Identity correlation uses an identity list to provide information used to correlate identities (individuals) with events and assets.
What does identity correlation do?
Identity correlation provides additional information about the users involved in events. This information can be used to correlate multiple events to a single person, identify the owner of a host, determine whether an individual is subject to special attention, and more. Specifically, identity correlation provides the following:
The same type of access events initiated by two different users may not deserve the same level of attention; a medium severity pattern of behavior from a graphic designer's account is less urgent than the same pattern from a database administrator's account. Identity correlation allows an urgency to be computed based on the priority of individuals so that higher urgency is assigned to high priority individuals. The urgency is assigned to the notable events that a viewable on the Incident Review dashboard. Those notable events are generated based on significant patterns of behavior and urgency levels.

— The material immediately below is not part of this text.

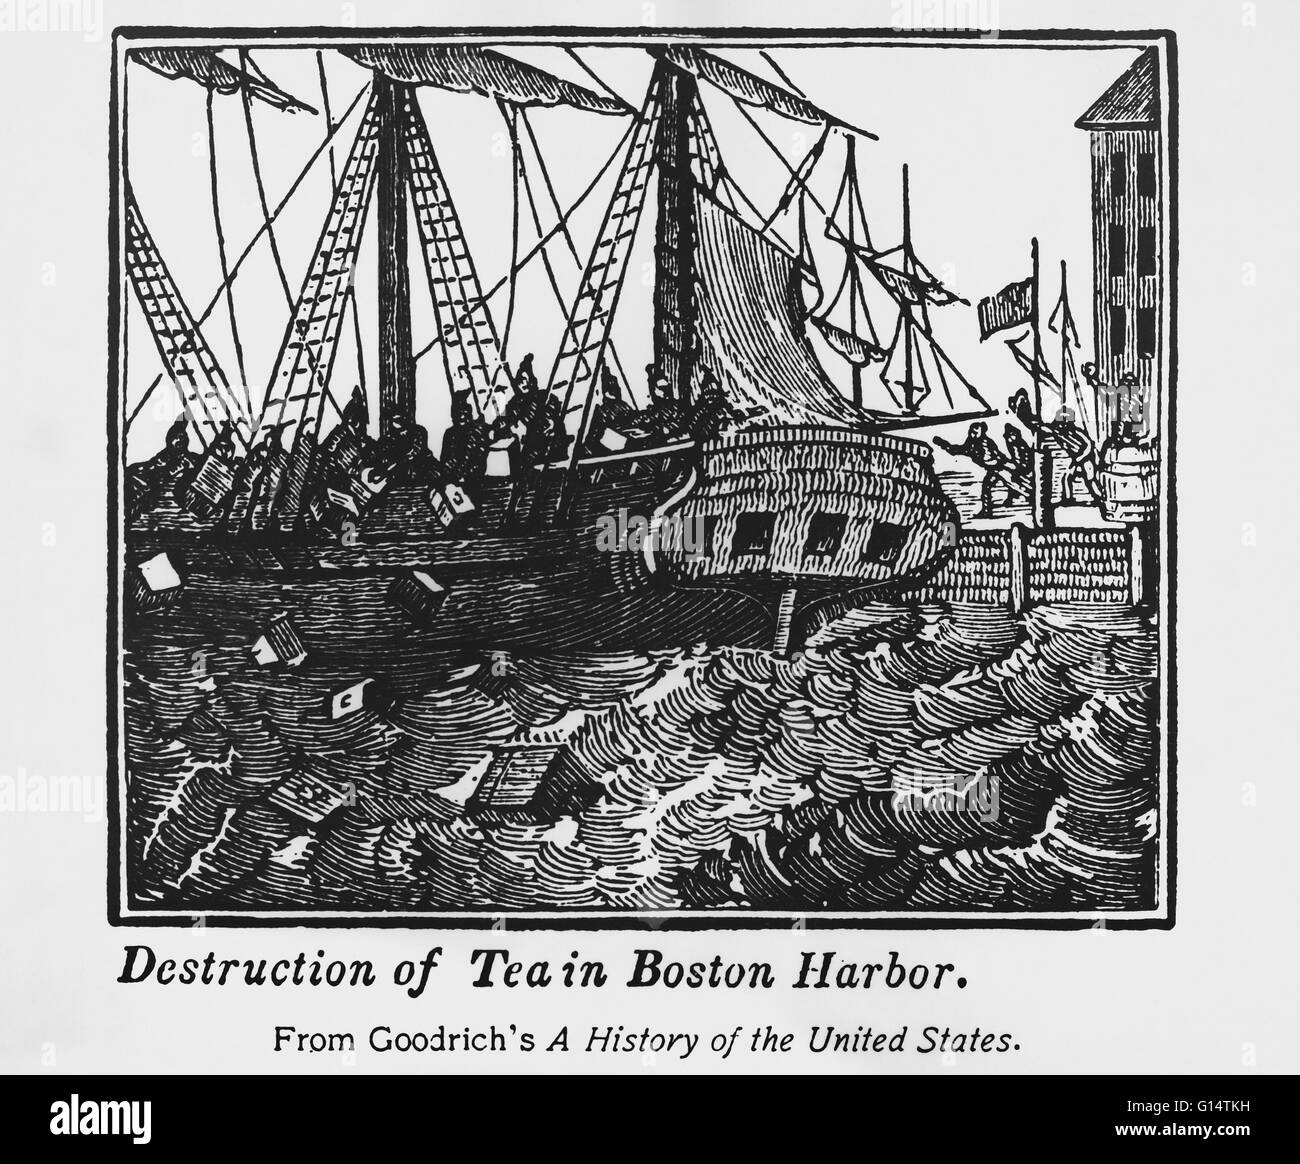 Die Boston Tea Party war eine direkte Aktion von Kolonisten in Boston, einer Stadt in der britischen Kolonie von Massachusetts, gegen die britische Regierung und die East India Company, die den Tee, die in den Kolonien importiert gesteuert. Am 16. Dezember 1773, nach o Stockfoto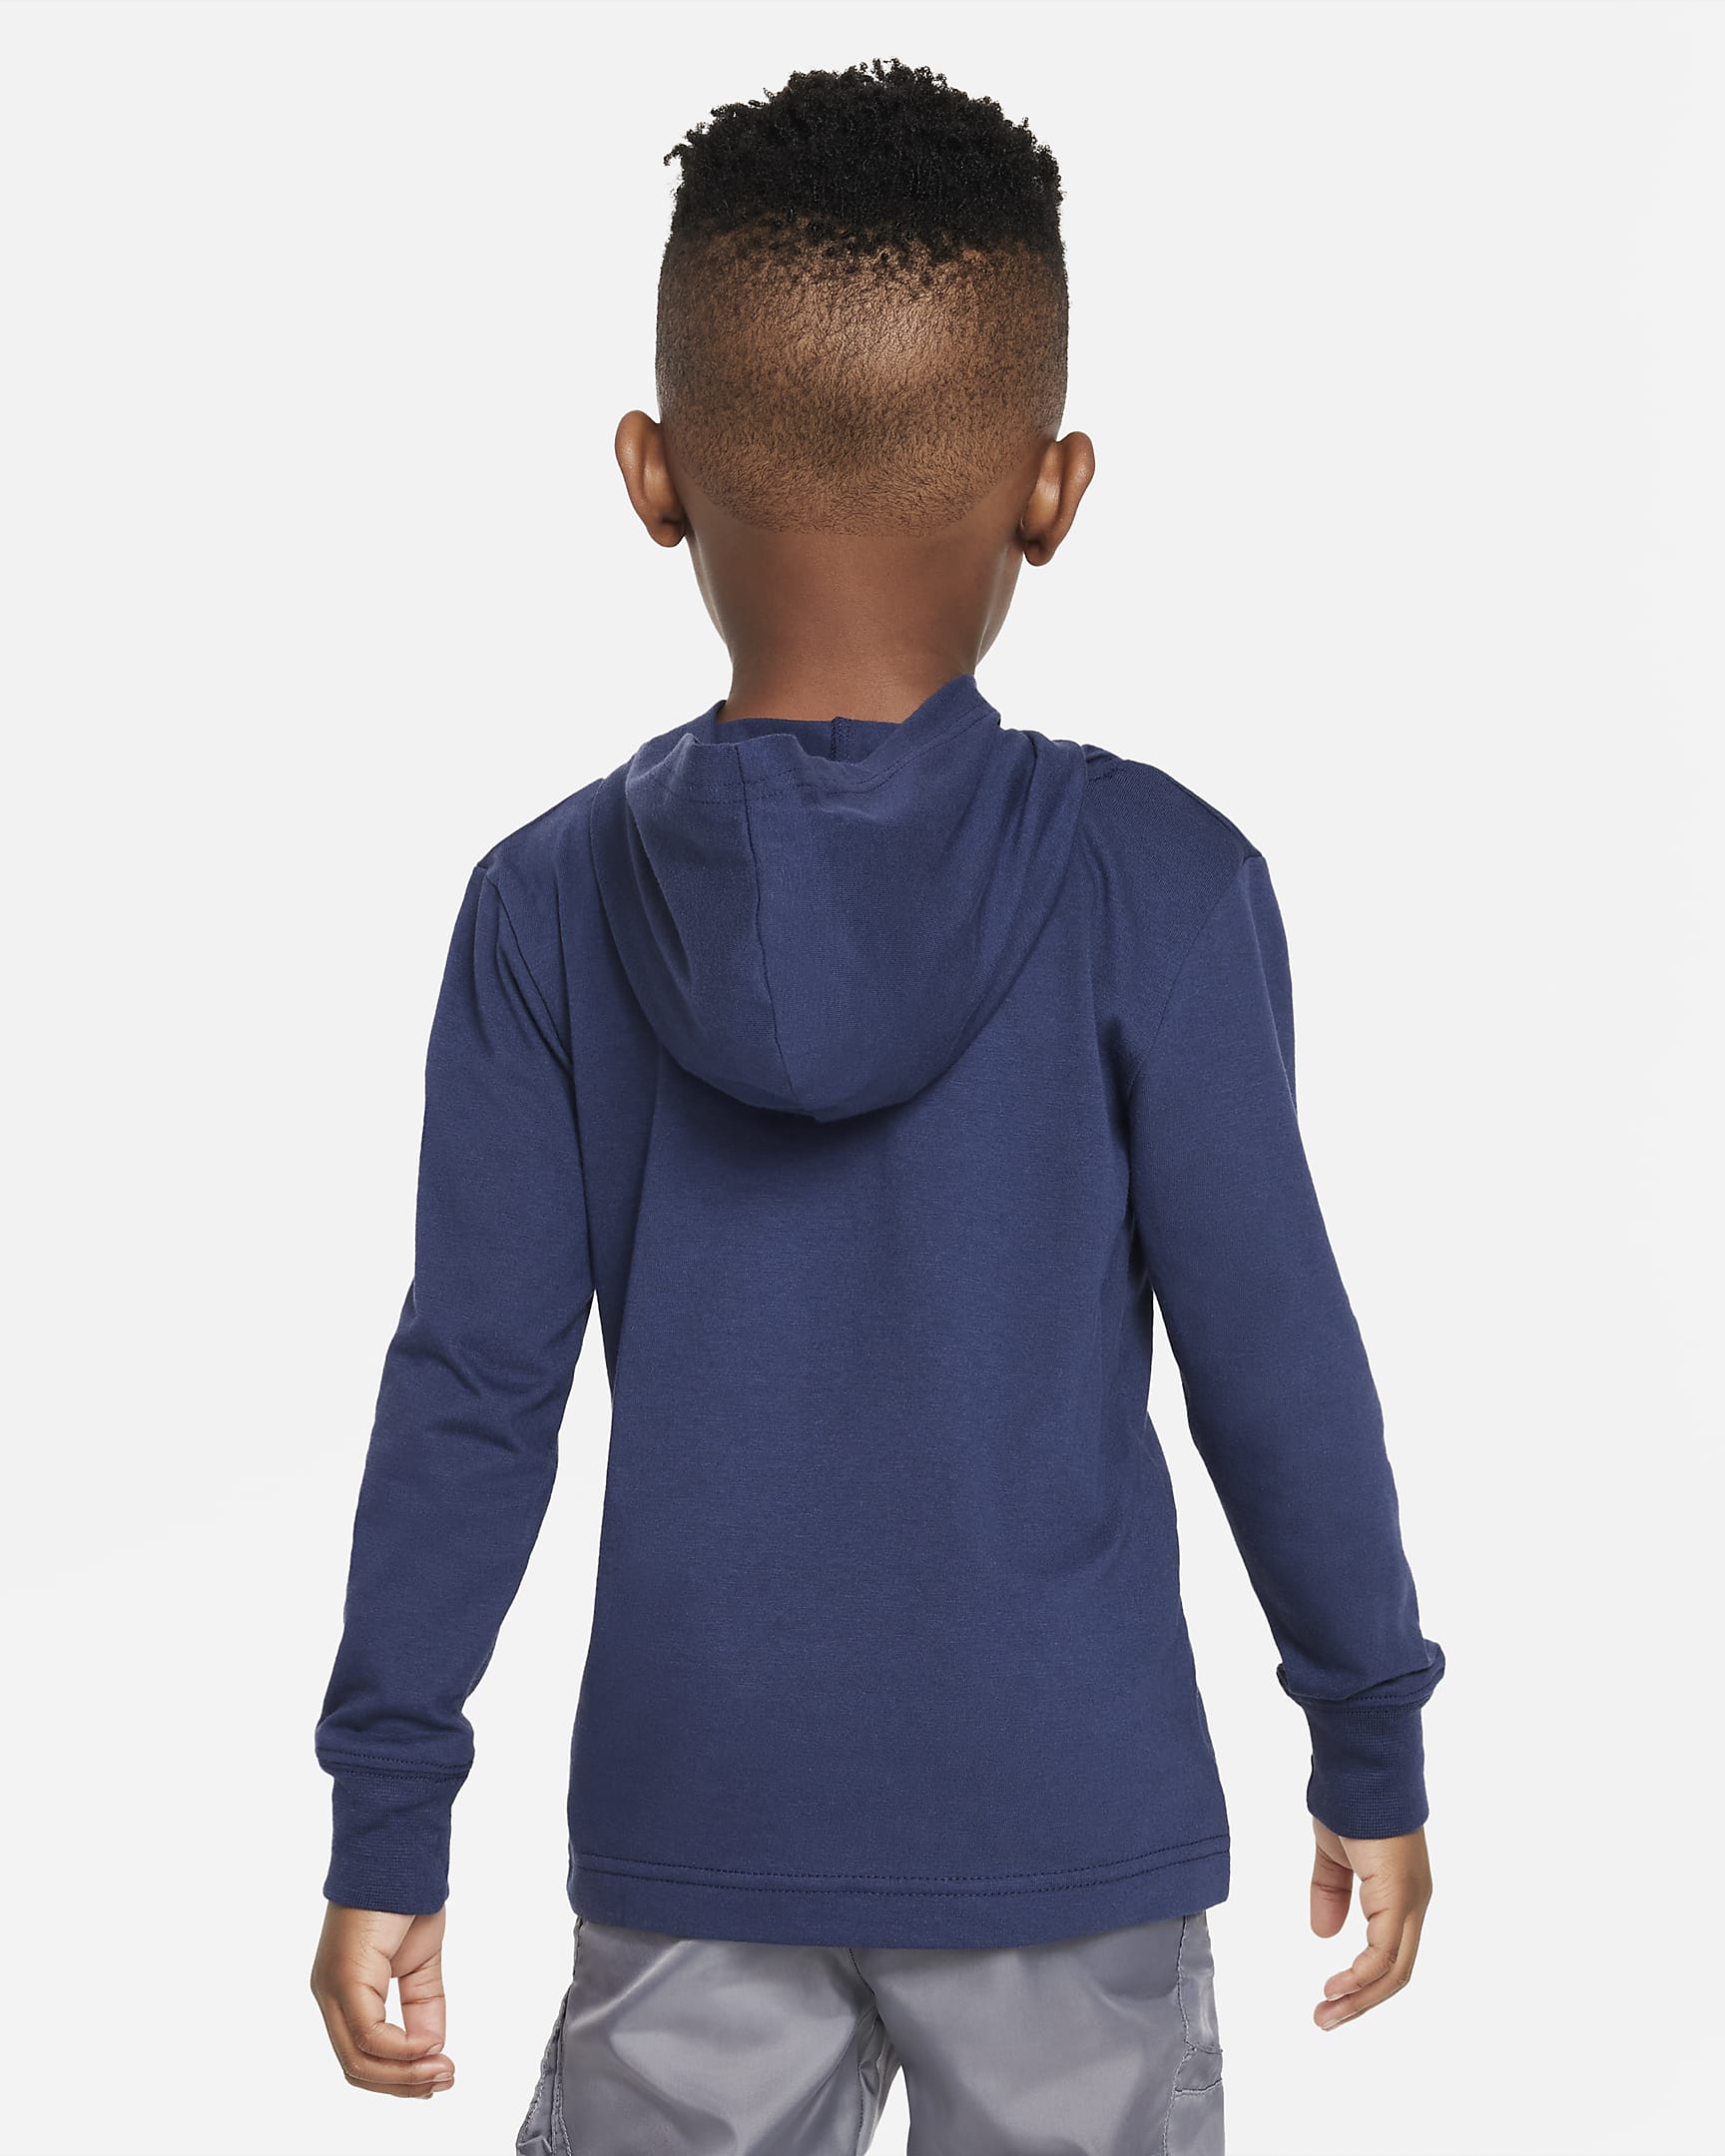 Nike Sportswear Futura Hooded Long Sleeve Tee Little Kids' T-Shirt ...

Identity correlation allows information about the individuals involved to be added to events. For example, identity correlation lookups can be used in a correlation search to indicate whether the user is subject to a compliance regulation.
Identity correlation allows accounts to be normalized and determine whether two events relate to the same individual. For example, one person may have different account names for email, ERP, and ITIL systems that they use frequently. Identity management helps the security analyst determine that access events for all three systems are from the same person.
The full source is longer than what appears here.